L’objectif de cette opération (le raid franco-mauritanien du 22 juillet, ndlr) n’était pas, initialement, la libération de l’otage.

Alain Antil
26-07-2010

L'organisation al-Qaïda au Maghreb islamique avait laissé jusqu'a ce lundi 26 juillet aux autorités françaises pour satisfaire à ses revendications ; on évoquait la libération de certains membre d'AQMI, emprisonnés dans la région. Des revendications qui étaient restées floues, « aucune demande précise ne nous est parvenue », affirmait hier encore le Quai d'Orsay.
 

« Cet ultimatum n'était qu'un assassinat programmé », a affirmé le président de la République. Nicolas Sarkozy a enfin annoncé, que le ministre des Affaires étrangères Bernard Kouchner allait se rendre à Niamey, Nouakchott et Bamako, pour discuter de la situation. « Nous demandons à nos compatriotes de renoncer absolument à voyager dans la zone sahélienne », a encore dit le président de la République.

 

Germaneau, un retraité qui voulait « tout le temps aider »

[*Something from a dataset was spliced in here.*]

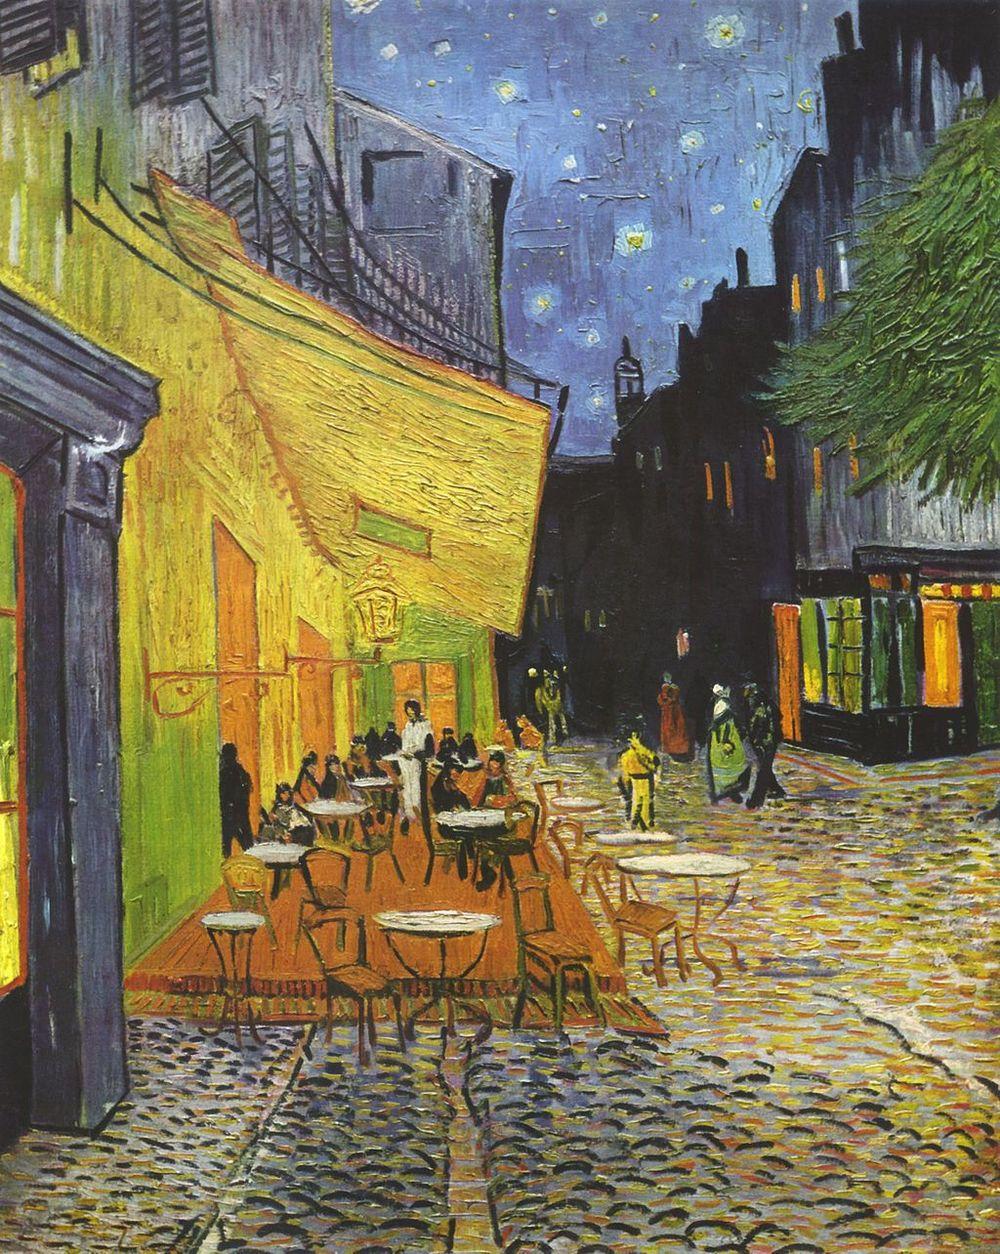 Vincent van Gogh,  The Café Terrace on the Place du Forum, Arles, at Night , 1888, Kröller-Müller Museum, The Netherlands.

A 78 ans, Michel Germaneau était un retraité très actif. Domicilié à Marcoussis, en région parisienne, cet ancien ingénieur vivait sans conjoint ni enfant et s'était engagé dans l'action humanitaire. Il faisait notamment partie de l'association Enmilal, créée en 2006, et spécialisée dans le soutien à la scolarisation et à la santé. « Michel était notre conseiller technique. Il voulait tout le temps aider », a déclaré Yvonne Montico, la présidente de l'association.

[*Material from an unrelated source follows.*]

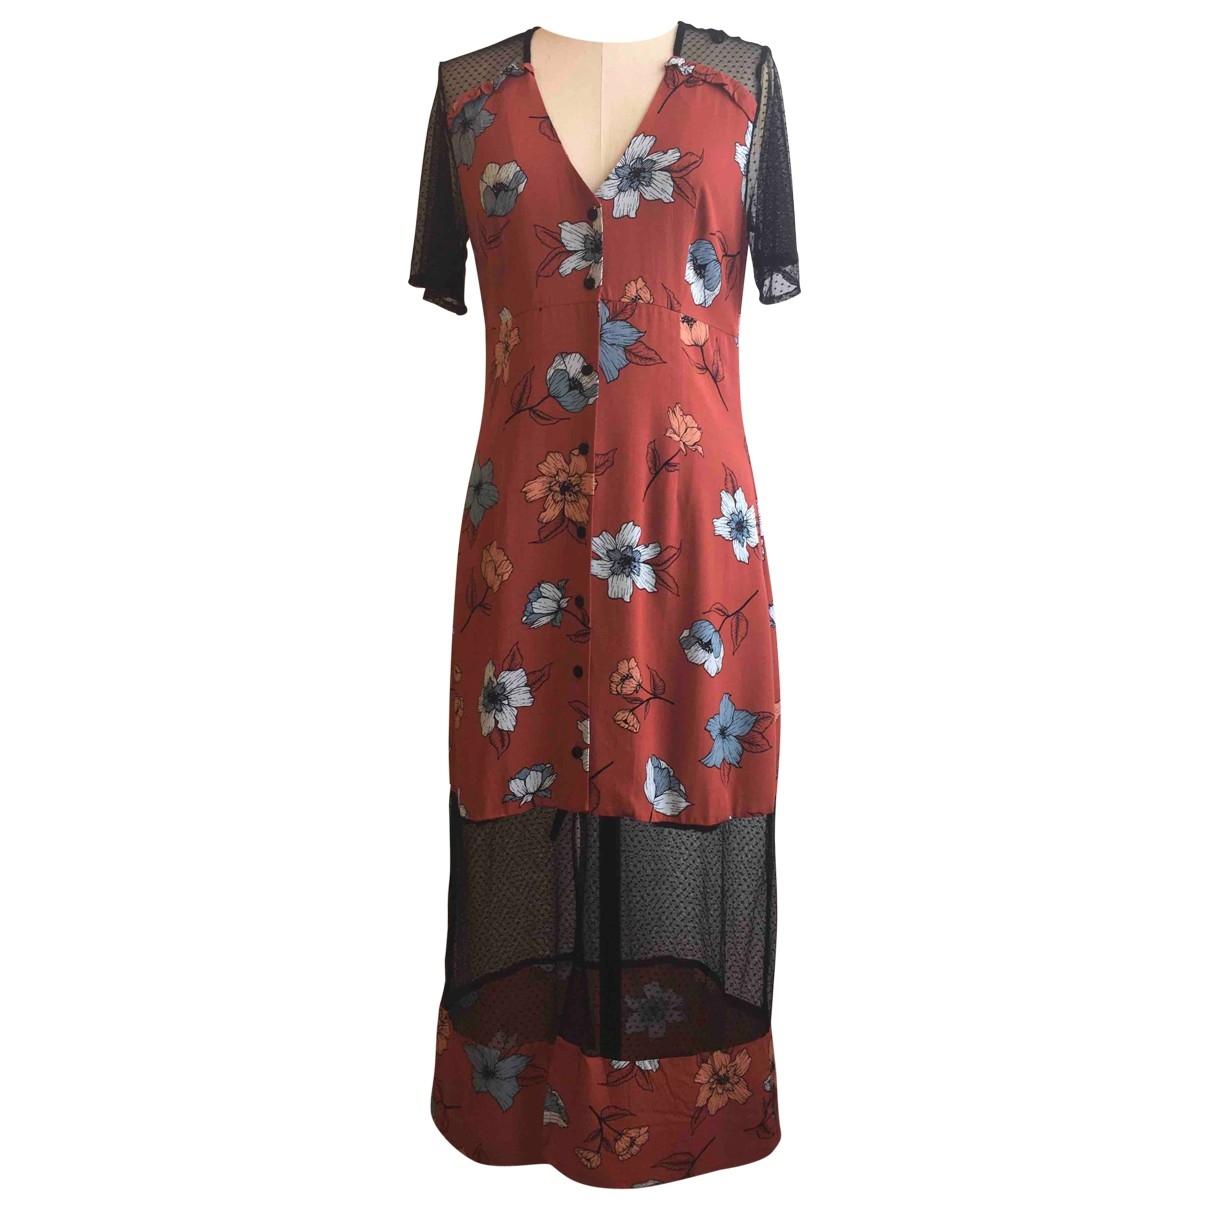 Minkpink \N dress for Women S International

Michel Germaneau était allé voir le fonctionnement d'une école ouverte en 2009 par Enmilal dans le village d'In-Abangharet, au nord du Niger. C'est en quittant cette localité qu'il s'est fait enlever le 19 avril 2010.

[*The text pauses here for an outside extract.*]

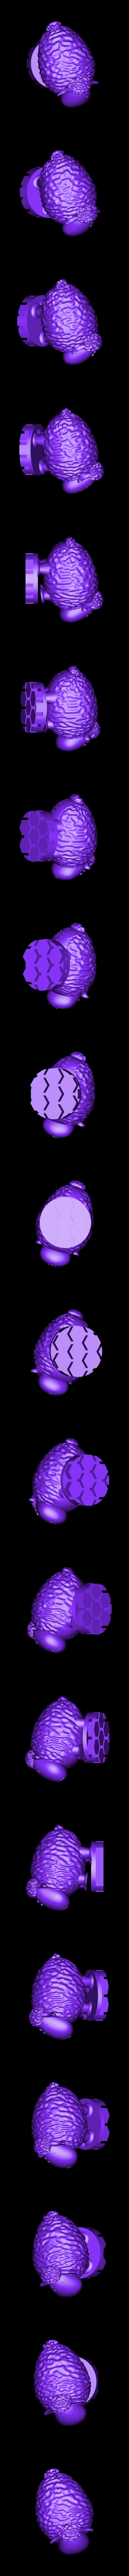 Zoetrope_Prusament Spool_by Dominik Cisar_Sheep 06.stl Download free STL file SPIROGRAPH - PRUSAMENT SPOOL - reuse idea • 3D print model, cisardom

Durant sa carrière, le Français avait travaillé pour diverses entreprises en tant qu'ingénieur électronicien. « Il a beaucoup voyagé, à Mururoa en Polynésie française, mais également au Brésil, au Gabon. Il a notamment participé à la construction du train transgabonnais », a indiqué Pierre Duprat, l'un de ses amis de longue date.

Originaire de la région de Bordeaux, dans le Sud-Ouest de la France, Michel Germaneau était un passionné de ski et de montagne. Récemment on lui avait diagnostiqué des problèmes cardiaques mais il était toujours très en forme a déclaré l'une de ses amies.